Is there a way to actually write a compiler in its own language?

You have to have some existing language to write your new compiler in. If you were writing a new, say, C++ compiler, you would just write it in C++ and compile it with an existing compiler first. On the other hand, if you were creating a compiler for a new language, let's call it Yazzleof, you would need to write the new compiler in another language first. Generally, this would be another programming language, but it doesn't have to be. It can be assembly, or if necessary, machine code.

If you were going to bootstrap a compiler for Yazzleof, you generally wouldn't write a compiler for the full language initially. Instead you would write a compiler for Yazzle-lite, the smallest possible subset of the Yazzleof (well, a pretty small subset at least). Then in Yazzle-lite, you would write a compiler for the full language. (Obviously this can occur iteratively instead of in one jump.) Because Yazzle-lite is a proper subset of Yazzleof, you now have a compiler which can compile itself.

There is a really good writeup about bootstrapping a compiler from the lowest possible level (which on a modern machine is basically a hex editor), titled Bootstrapping a simple compiler from nothing. It can be found at https://web.archive.org/web/20061108010907/http://www.rano.org/bcompiler.html.

OTHER TIPS

The explanation you've read is correct. There's a discussion of this in Compilers: Principles, Techniques, and Tools (the Dragon Book):

  • Write a compiler C1 for language X in language Y
  • Use the compiler C1 to write compiler C2 for language X in language X
  • Now C2 is a fully self hosting environment.

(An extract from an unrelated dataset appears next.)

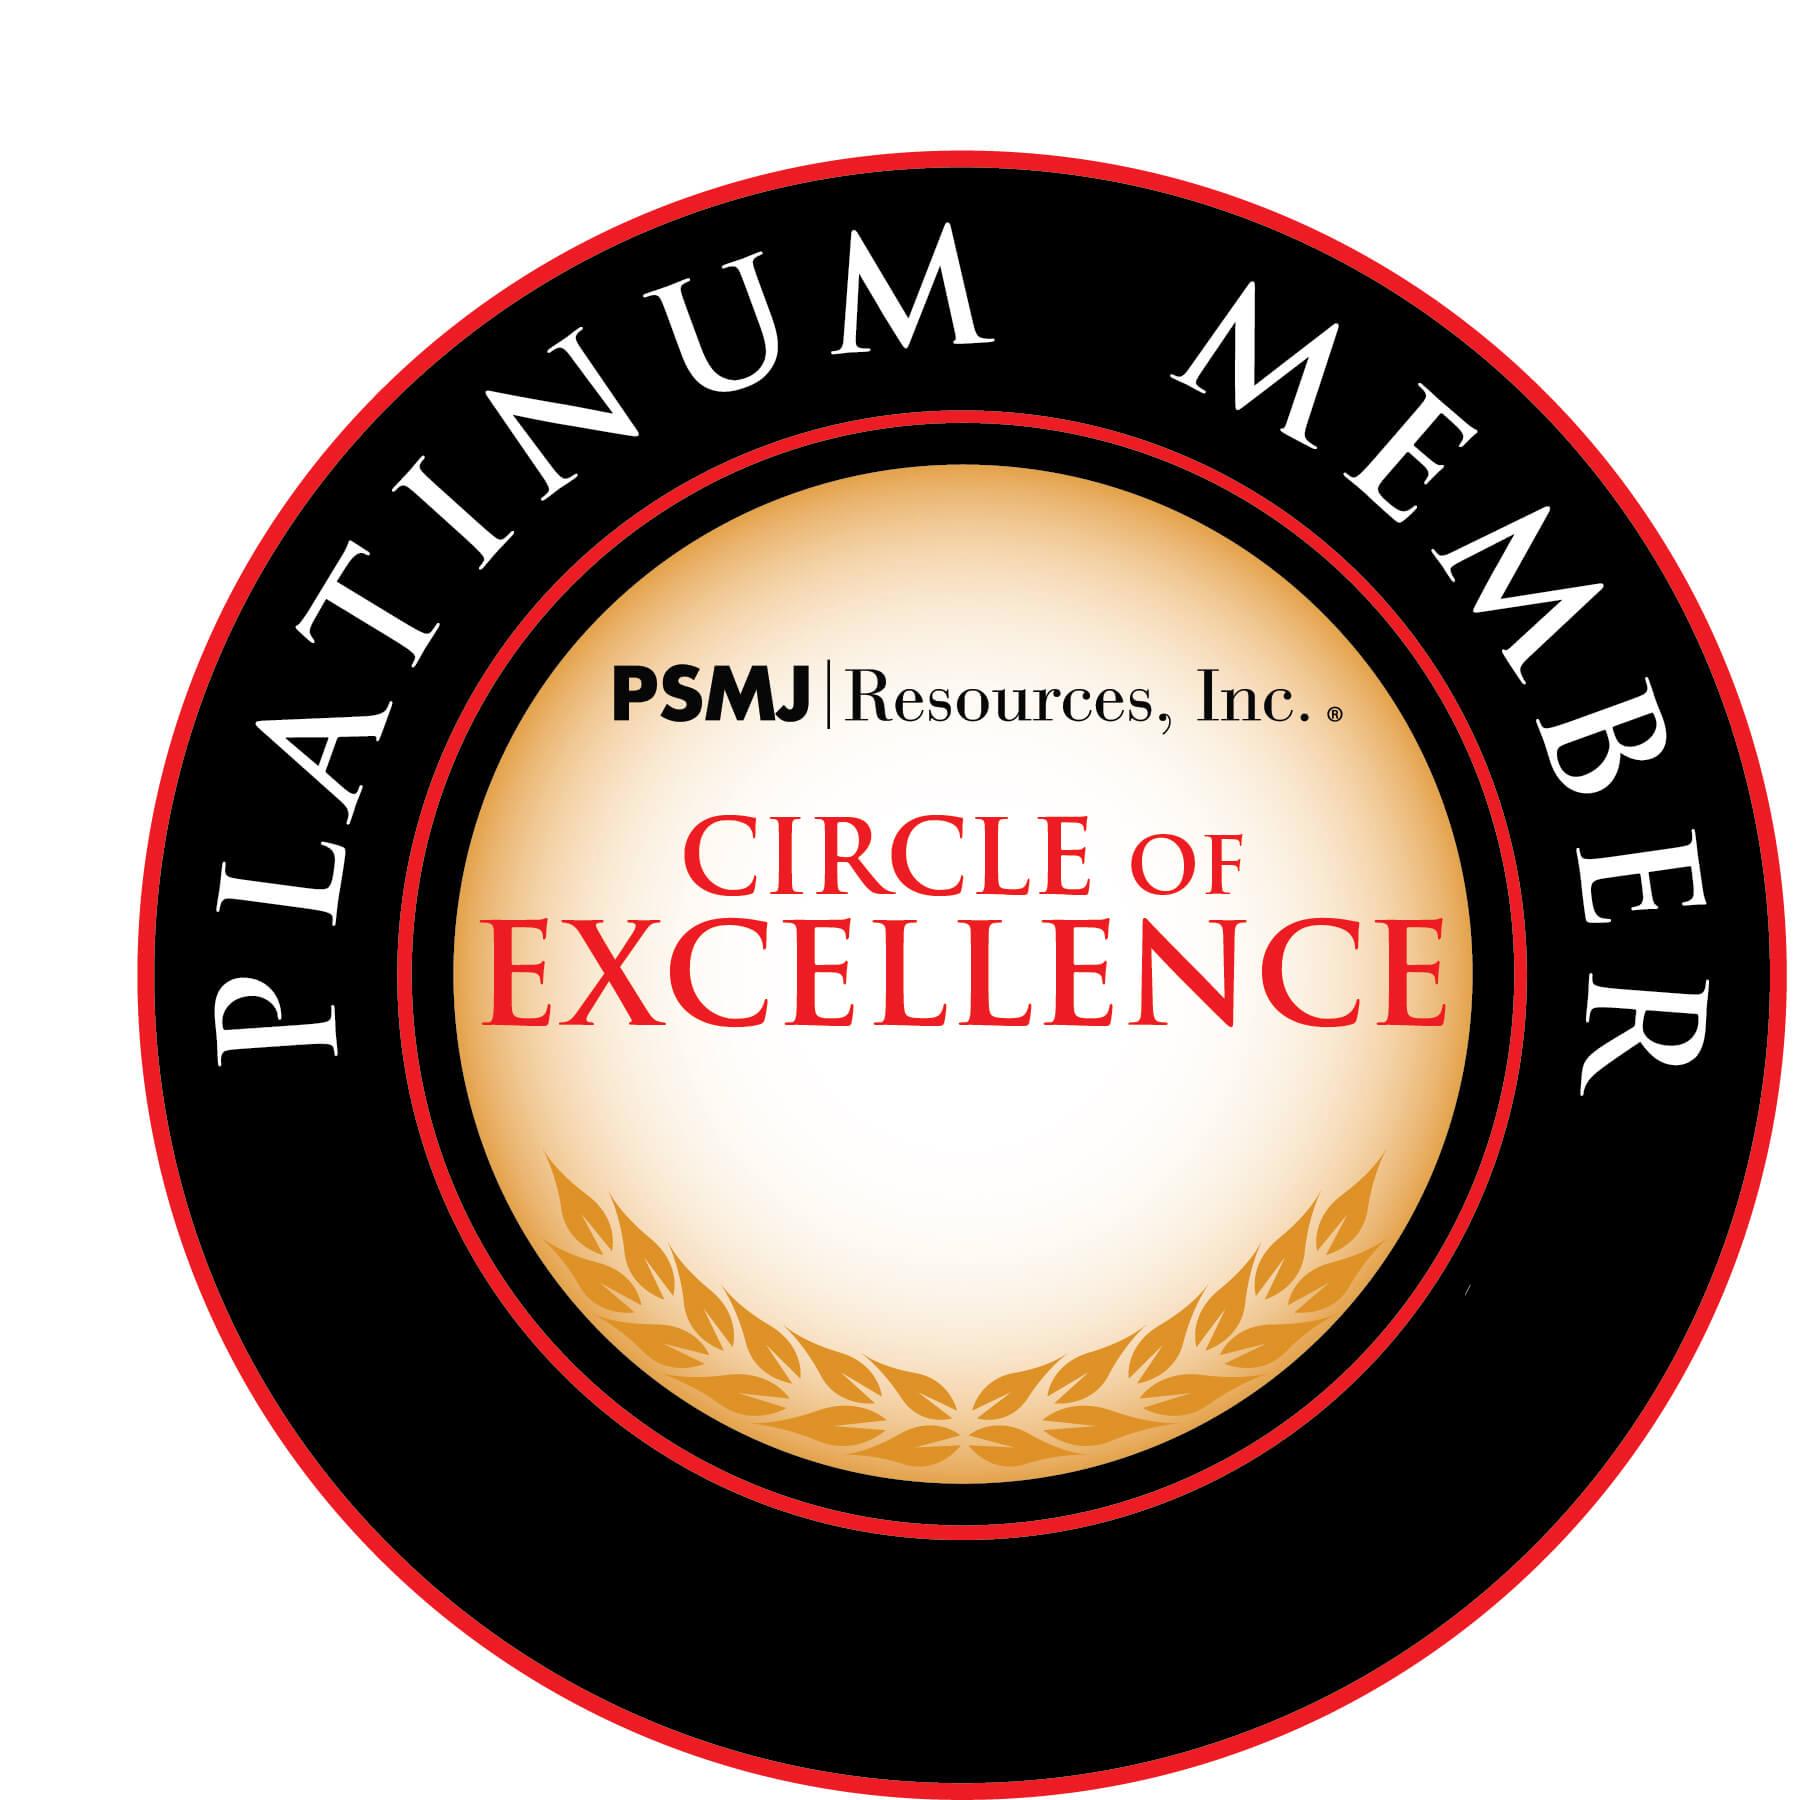 PSMJ's Platinum Award

A super interesting discussion of this is in Unix co-creator Ken Thompson's Turing Award lecture.

He starts off with:

What I am about to describe is one of many "chicken and egg" problems that arise when compilers are written in their own language. In this ease, I will use a specific example from the C compiler.

and proceeds to show how he wrote a version of the Unix C compiler that would always allow him to log in without a password, because the C compiler would recognize the login program and add in special code.

The second pattern is aimed at the C compiler. The replacement code is a Stage I self-reproducing program that inserts both Trojan horses into the compiler. This requires a learning phase as in the Stage II example. First we compile the modified source with the normal C compiler to produce a bugged binary. We install this binary as the official C. We can now remove the bugs from the source of the compiler and the new binary will reinsert the bugs whenever it is compiled. Of course, the login command will remain bugged with no trace in source anywhere.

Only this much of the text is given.